Бесконечные дремучие, девственные леса вологодские сливаются на севере с тундрой, берегом Ледовитого океана, на восток, через Уральский хребет, с сибирской тайгой, которой, кажется, и конца-края нет, а на западе опять до моря тянутся леса да болота, болота да леса.

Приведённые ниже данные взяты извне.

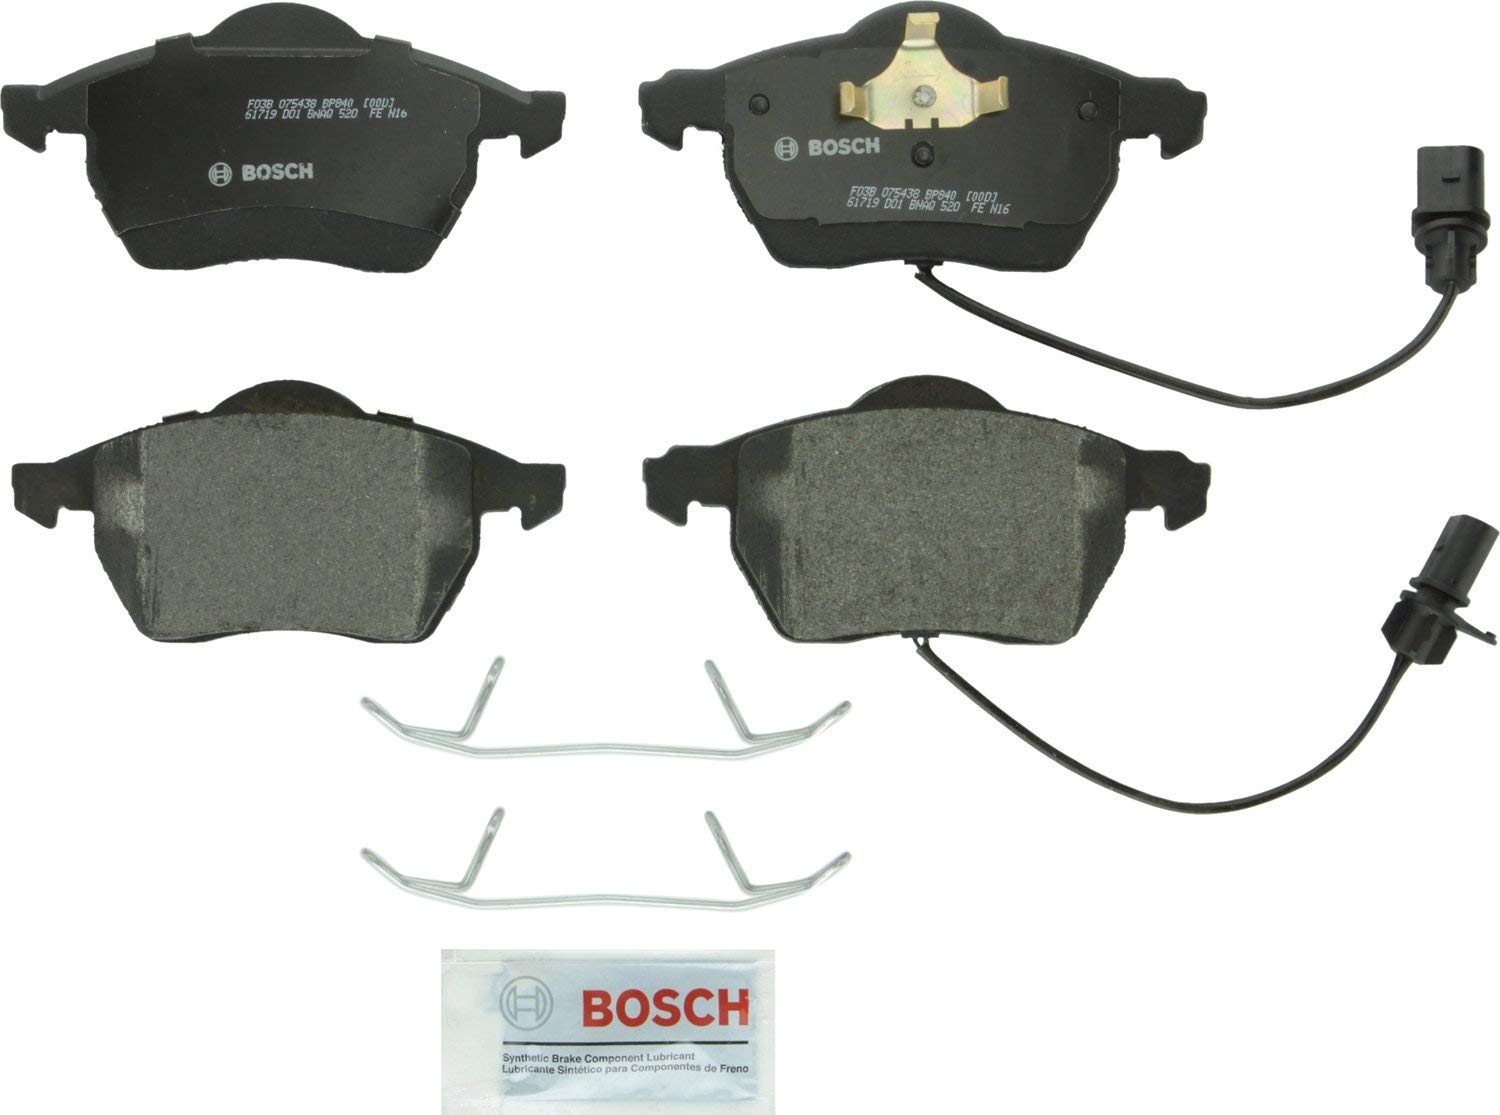 Bosch BP840 QuietCast Premium Semi-Metallic Disc Brake Pad Set For: Audi A4, A4 Quattro, A6, A6 Quattro; Saab 9-5; Volkswagen Passat, Front

И одна главная дорога с юга на север, до Белого моря, до Архангельска это Северная Двина. Дорога летняя. Зимняя дорога, по которой из Архангельска зимой рыбу возят, шла вдоль Двины, через села и деревни. Народ селился, конечно, ближе к пути, к рекам, а там, дальше глушь беспросветная, да болота непролазные, диким зверем населенные... Да и народ такой же дикий блудился от рождения до веку в этих лесах... Недаром говорили:
– Вологжане в трех соснах заблудились. И отвечали на это вологжане:
– Всяк заблудится! Сосна от сосны верст со сто, а меж соснами лесок строевой.
Родился я в лесном хуторе за Кубенским озером, и часть детства своего провел в дремучих домшинских лесах, где по волокам да болотам непроходимым медведи пешком ходят, а волки стаями волочатся.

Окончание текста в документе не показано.